La parola chav «è un modo semplice per disumanizzare un vasto gruppo di persone»: i chav, i coatti, sono i marginalizzati e demonizzati dalle politiche neoliberiste dei governi britannici degli ultimi 40 anni. Liquidati come «coglioni bestiali o feccia da sussidio di disoccupazione» dai bravi cittadini liberali, sono il prodotto dell’atomizzazione della working class. Per Hunter, sono persone che si prendono cura a vicenda, fiere e allo stesso tempo tenere, sfruttate e ignorate. Non hanno problemi a reagire per proteggere la propria gente: quando lo fanno, nella difesa delle strade come nei riots del 2011, sono liquidati come teppisti, e alla stessa working class è chiesto di voltare loro le spalle. Sono attraversati dalle segmentazioni sociali, collocati al di sotto di quella classe lavoratrice che, stratificata in maniera da rendere quasi impossibile ogni trasformazione rivoluzionaria, vive delle briciole di chi sta in alto, senza avere coscienza del fatto che «se loro mangiano le briciole, chi sta ancora più in basso resta a stomaco vuoto».
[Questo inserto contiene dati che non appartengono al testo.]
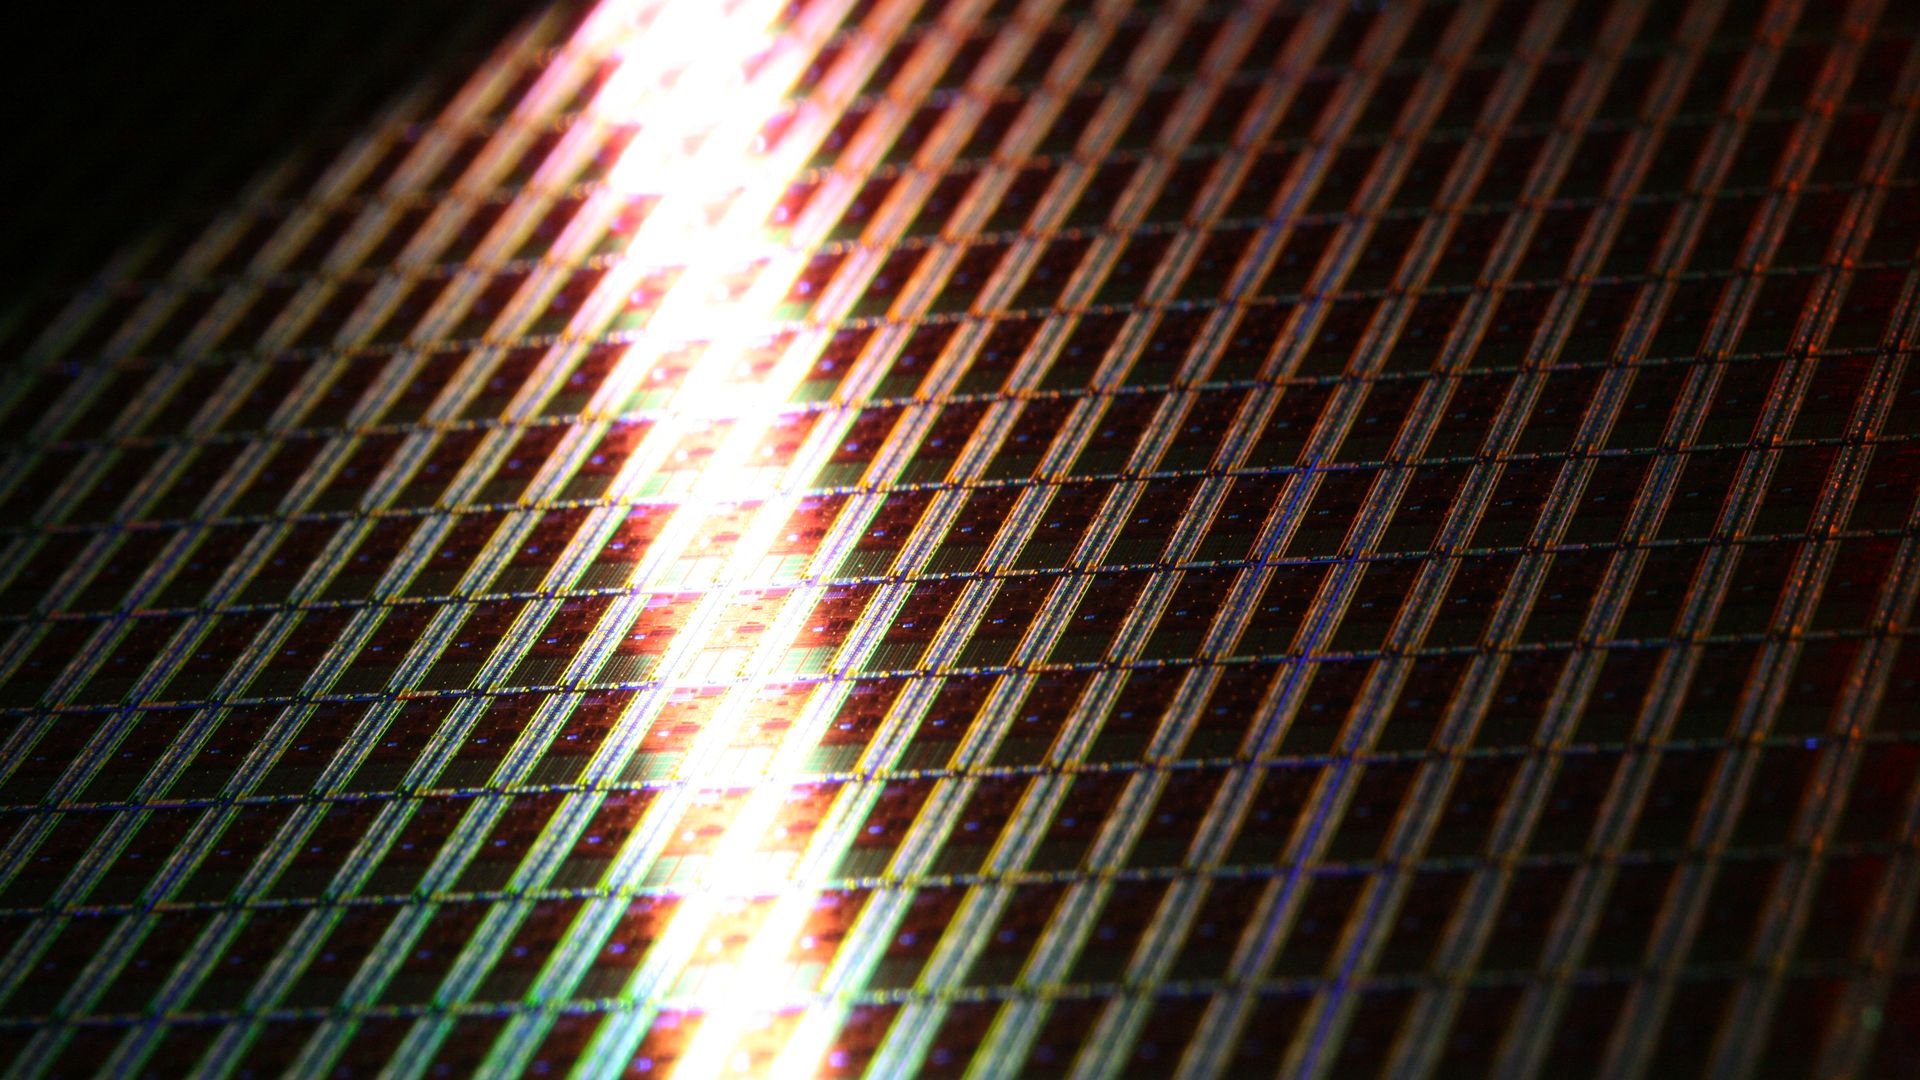 An Intel chip wafer

BRICIOLE CHE VENGONO rivendicate con una solidarietà negativa mascherata da etica del lavoro – sono guadagnate in quaranta ore di fatica settimanale, dunque bisogna darsi da fare per conservarle: «fin quando quelli di noi che vengono premiati con le briciole per fare quaranta ore di lavoro alla settimana pensano che ci meritiamo quelle briciole, e che ognuno deve pensare da solo a sopravvivere, allora siamo fottuti».
Hunter parla dei sobborghi londinesi – ma potrebbe essere la banlieue parigina piuttosto che Tor Pignattara o qualunque altra periferia nelle quali le sinistre, i «movimenti dai denti finti» non mettono piede. Parla di quello che viene derubricato, cancellando il legame fra le relazioni interpersonali «degradate» e le strutture e forme del capitale, come degrado sociale: il prodotto di una società classista che ha bisogno di disumanizzare le persone per rendere sopportabile le diseguaglianze. «Troviamo ogni tipo di motivazione per considerare gli altri un po’ meno umani di noi, e diventa più semplice e più devastante se le vittime sono persone meno forti da un punto di vista economico, sociale e culturale»: perché our bodies are classed, i nostri corpi sono intrisi di connotazioni di classe, e i corpi delle persone senza capitale valgono meno.

QUESTI CORPI «DEGRADATI» sono tutt’altro che nuda vita – posto che ne esista, al di fuori delle elucubrazioni che tanto piacciono all’invisibile anarchismo piccolo-borghese: sono corpi che conoscono relazioni o conflittualità quotidiane che sono sempre collegate alle nostre storie individuali e alle storie che condividiamo con gli altri, dunque sempre politiche. Esprimono un senso dell’essere in comune che precede la politicizzazione – la lettura di Marx nei libri di famiglia, si sarebbe detto un tempo – e si manifesta in un istintivo rifiuto dell’obbedienza, perché la vita delle persone obbedienti è la vita di chi continua ad arrabbiarsi, a perdere la casa, ad andare in prigione, a morire per strada.
Hunter ha attraversato questa condizione intrisa di violenza, e ne è stato attraversato, sin dalla sua infanzia. La narra senza compiacimento morboso, ma anche alcun moralismo. Anche se adesso ha l’aspetto di un bibliotecario, è ancora un coatto; non si aspetta di uscirne del tutto, gli basta non sanguinare più: «adesso ho deciso come vivere, come contribuire alla liberazione delle comunità da cui provengo, come difenderle, come sostenere chi non ha potuto godere dei benefici del capitale come ho potuto in certo qual modo fare io».